L’Assemblée va être mise à contribution... Face à la polémique autour de la retraite chapeau de Philippe Varin, Bruno Le Roux a demandé mercredi que la commission des finances propose des solutions législatives. Interrogé sur Europe 1, Christian Eckert a confirmé qu’il proposerait des pistes de réforme au gouvernement. Il a notamment évoqué la possibilité d'assujettir les aides aux entreprises à des comportements et à des résultats.

>> Regardez l'interview de Christian Eckert :

... mais il n'y aura pas de loi à court terme. Le problème, c’est que ceux qui ont rapidement appelé à la régulation n’y croient pas vraiment.

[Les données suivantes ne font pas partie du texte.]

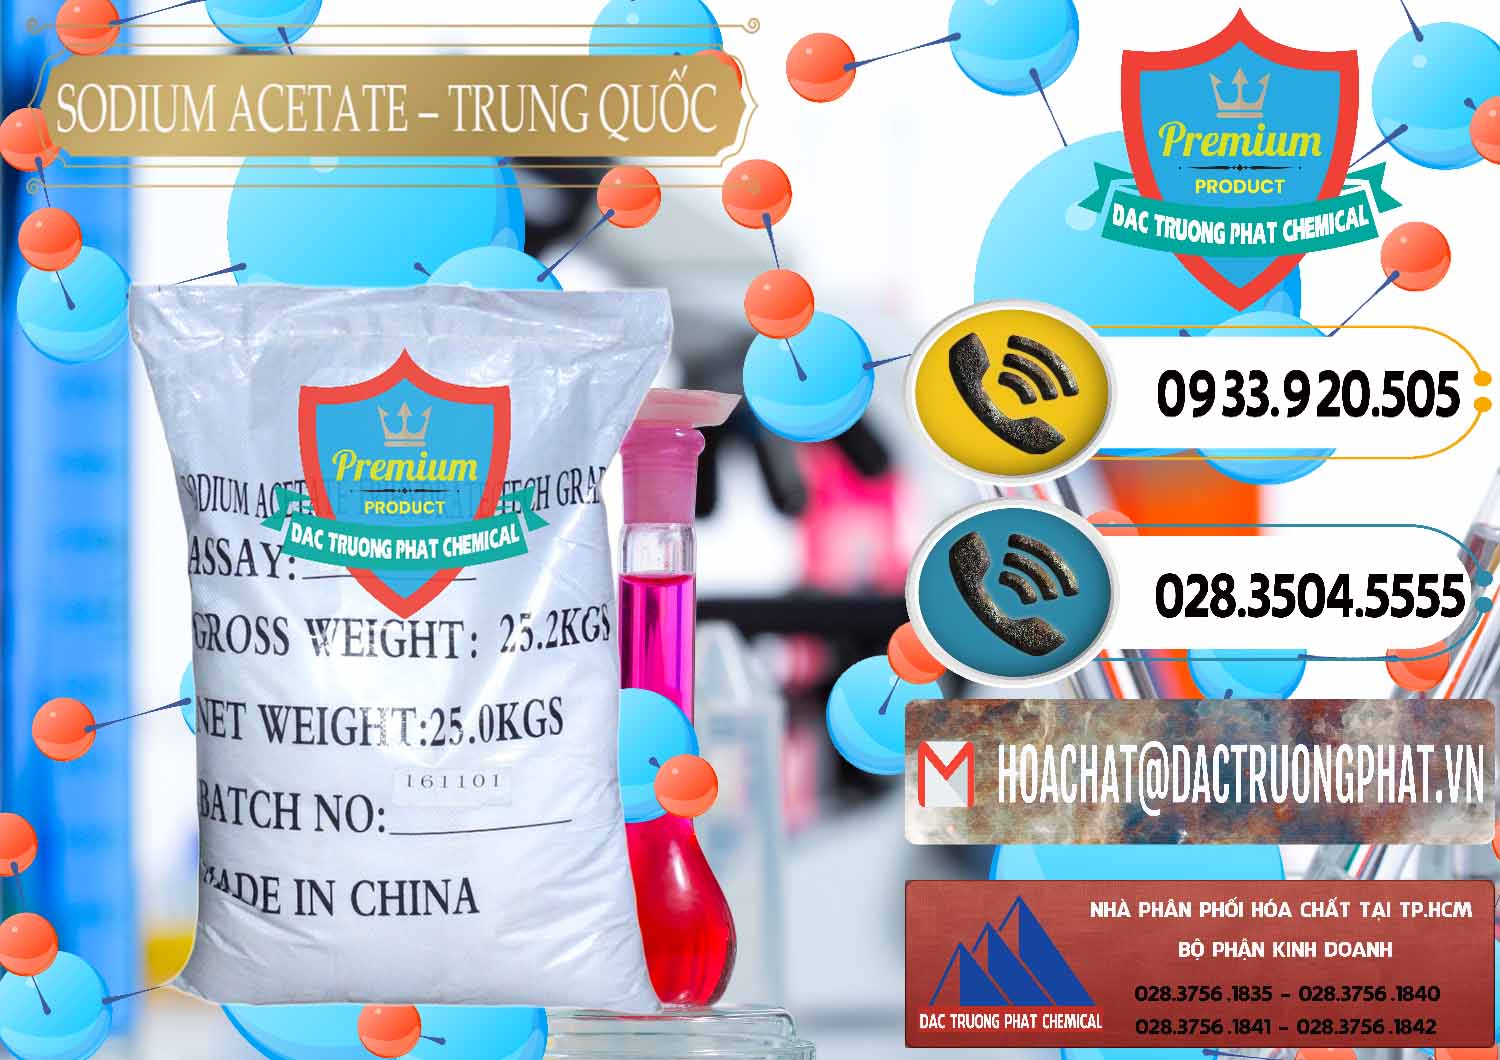 Nơi chuyên bán ( cung ứng ) Sodium Acetate - Natri Acetate Trung Quốc China - 0134 - Nơi cung cấp ( phân phối ) hóa chất tại TP.HCM - hoachatdetnhuom.vn
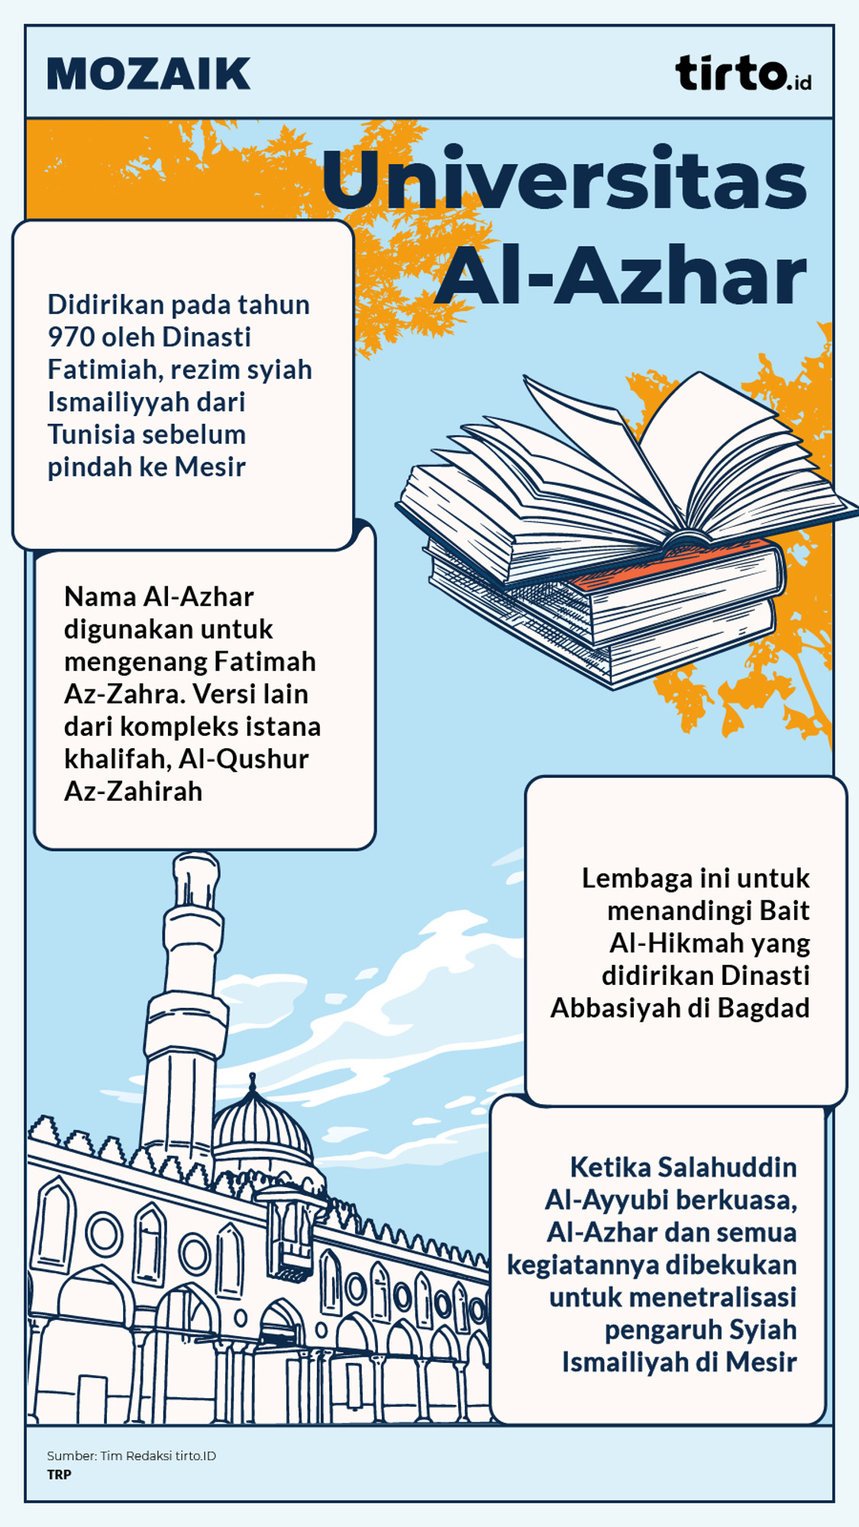 Infografik Mozaik Universitas Al-Azhar

Le député PS Thomas Thévenoud est l’un d’eux et même lui se veut prudent. “Si on s’intéresse à ces questions, on ne peut pas le faire que par la fiscalité, et ça prendra plus de temps pour légiférer”, explique-t-il.

Plus globalement, le député n’est pas convaincu qu’une loi soit vraiment en route. “Est-ce que le cas Varin mérite une proposition de loi ? Je reste prudent, explique-t-il. Il faut observer et attendre. Mon petit doigt me dit qu’on aura bientôt d’autres cas”.

Un gouvernement lui-même hésitant. Pierre Moscovici, le ministre de l’Economie, a de son côté rappelé son soutien au concept d’autorégulation chez les grands patrons. “J’ai toujours dit pour ma part, (...) qu’il fallait débord faire en sorte que la régulation fonctionne”, a-t-il détaillé jeudi en marge d’une conférence parlementaire. “Si l’inefficacité (de l’autorégulation) est démontré dans le prochain cas à venir, il faudra légiférer”, a de son côté précisé jeudi Arnaud Montebourg, le ministre du Redressement productif, dans un entretien au Parisien. Là encore, même le tenant de l’aile gauche ne veut pas s’engager à court terme.

Un débat qui est en fait déjà tranché. Il faut dire qu’en mai 2013, le ministre de l’Economie avait émis une fin de non-recevoir aux velléités de nouvelle législation concernant la rémunération des patrons. L'exécutif n'avait pas voulu risquer la fuite des cadres supérieurs des entreprises du CAC 40. Une politique qui serait plutôt contre-productive dans une période où les investissements étrangers sont de plus en plus rares en France, jugeait alors le syndicat patronal.